В большой моде были театрализованные представления с участием курфюрста и его супруги. Чаще всего изображалась жизнь гостиниц, в которой Август с супругой изображали гостеприимных хозяев, их свита – прислугу, а принцы и принцессы выступали в роли деревенских женихов и невест, сельских священников, судей и т. п. По вечерам по улицам Дрездена проносился кортеж позолоченных саней из 50—60 цугов с орущими во всё горло ряжеными с горящими факелами в руках, но никто не возмущался и не поднимал голоса недовольства. Курфюрст развлекался!

Саксонские дворяне были богаты, великолепно одеты и обладали утончёнными манерами. Роскошь проникала в самые низшие слои, особенно в одежде. Сапожники или портные полагали дурным тоном являться на свадьбу пешком и нанимали экипаж. Духовенство пыталось «урезонить» свою паству и заставить её думать о вечном. Пасторы посылали с амвонов и кафедр в адрес «богоотступников» громы и молнии, но всё было бесполезно. Саксонское общество определённо сходило с ума и вместе со своим монархом думало лишь о земном, о сиюминутном.

Свои досуги Август II делил между верховой ездой, фехтованием, стрельбой, танцами, борьбой, охотой, играми и женщинами. За 20 лет нахождения у трона саксонским двором было убито не менее 100 000 зверей, из них 2000 волков и медведей. Травля зверей в Дрезденском цирке по своим размахам не уступала забавам римских императоров. Август своими руками ломал подковы, сплющивал серебряные кубки, свёртывал в трубки серебряные тарелки и даже монеты. Его звали саксонским Геркулесом и дали прозвище Сильный.

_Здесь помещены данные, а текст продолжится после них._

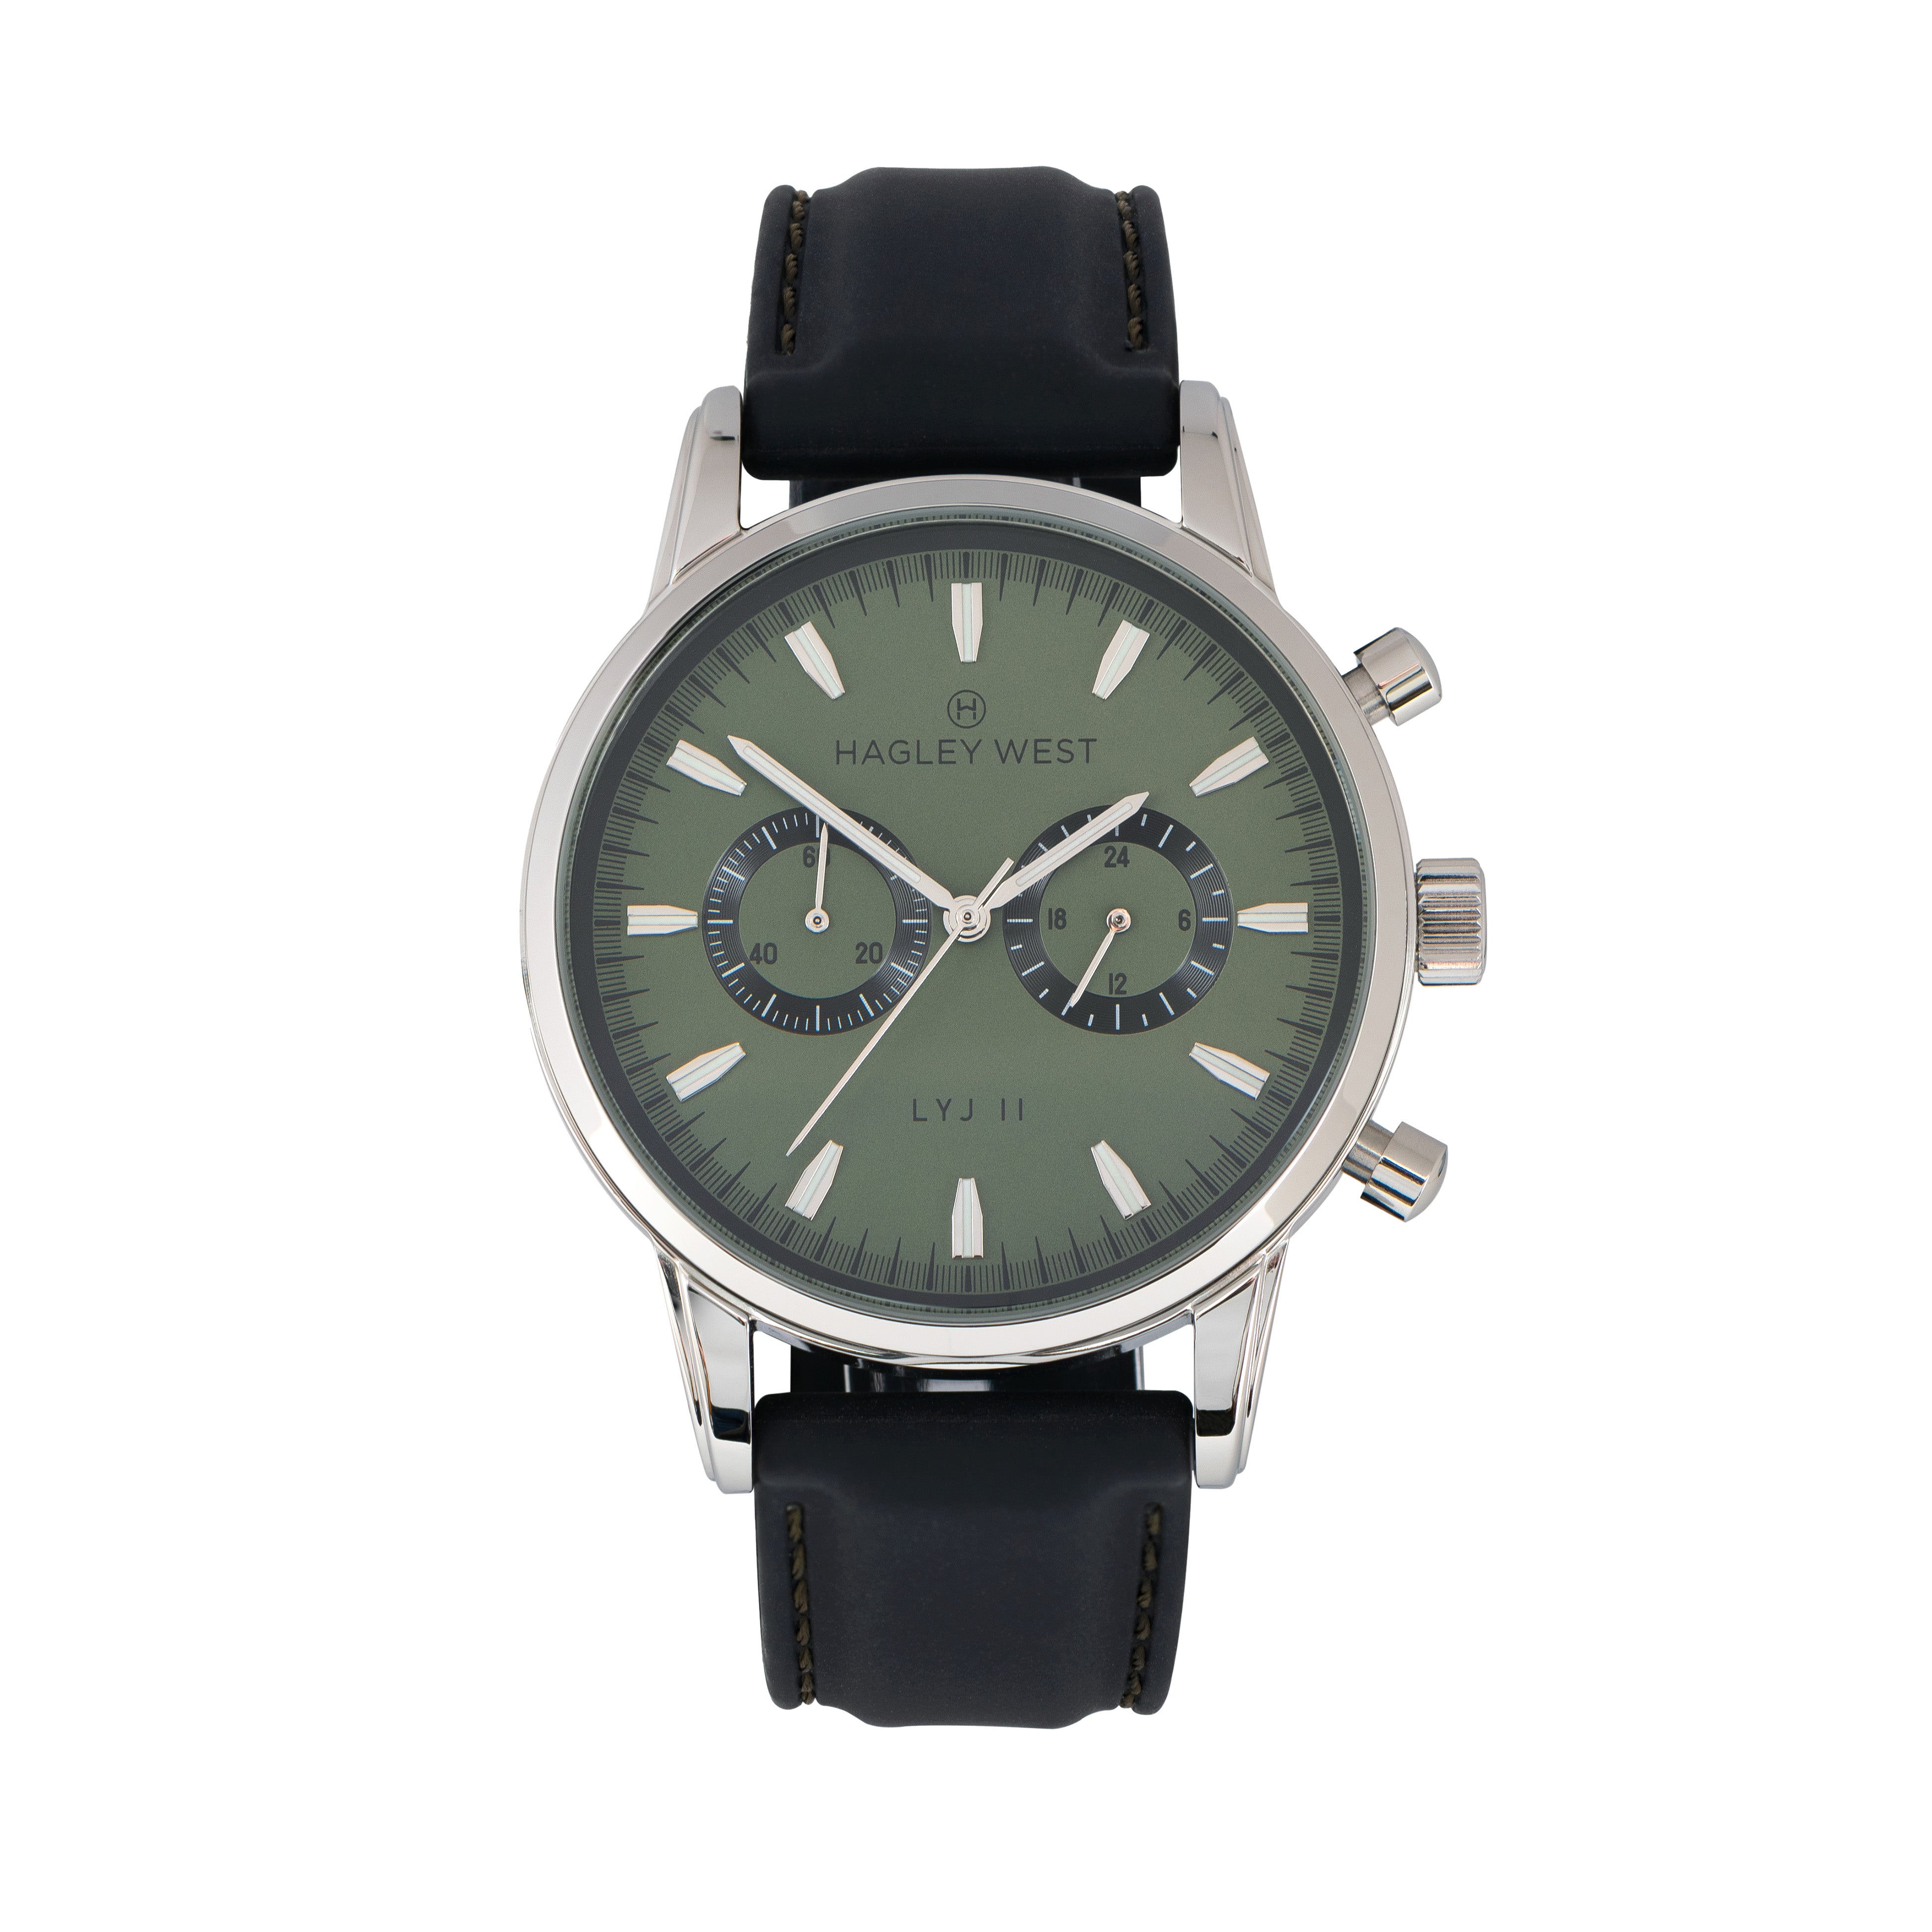 LYJ II Omaha | Green & Silver Watch | Men's Watches | Hagley West

Это был чувственный король-волокита, о его амурных похождениях ходили легенды. Сестра Фридриха Великого маркграфиня Байретская в своих мемуарах писала о том, что у Августа было 354 внебрачных ребёнка, а один профессор приписывал ему 700 любовниц. Маркграфине можно было верить – ведь она была сестрой супруги Августа, королевы Христины-Эбергардины Байретской. Курфюрстина проходила бледной тенью по жизни Августа II, честно выполнив свой супружеский долг и оставив по себе единственную память – наследника Августа III, 1696 г.р.

В Мадриде на приёме у Карла II курфюрст как-то узрел прекрасную маркизу Манцер и воспылал к ней любовью. Он во что бы то ни стало решил добиться её любви. Сделать это было нелегко – у маркизы был ревнивый муж. Но саксонцу удалось подкупить камеристку маркизы, донну Лору, которую он превратил в своего курьера, поставлявшую своей хозяйке письма и подарки. В конце концов, маркиза сдалась и пустила курфюрста в свою спальню.

Маркиз Манцер прознал про измену жены и нанял трёх наёмных убийц, которым поручил убить курфюрста. Они подкараулили его ночью в саду, когда Август шёл на свидание, и напали на него. Они нанесли ему несколько ударов кинжалом, но курфюрсту удалось выхватить пистолет и прострелить голову одному из громил. На шум подоспел слуга Августа, вместе они подстрелили ещё одного убийцу, а третьего ранили.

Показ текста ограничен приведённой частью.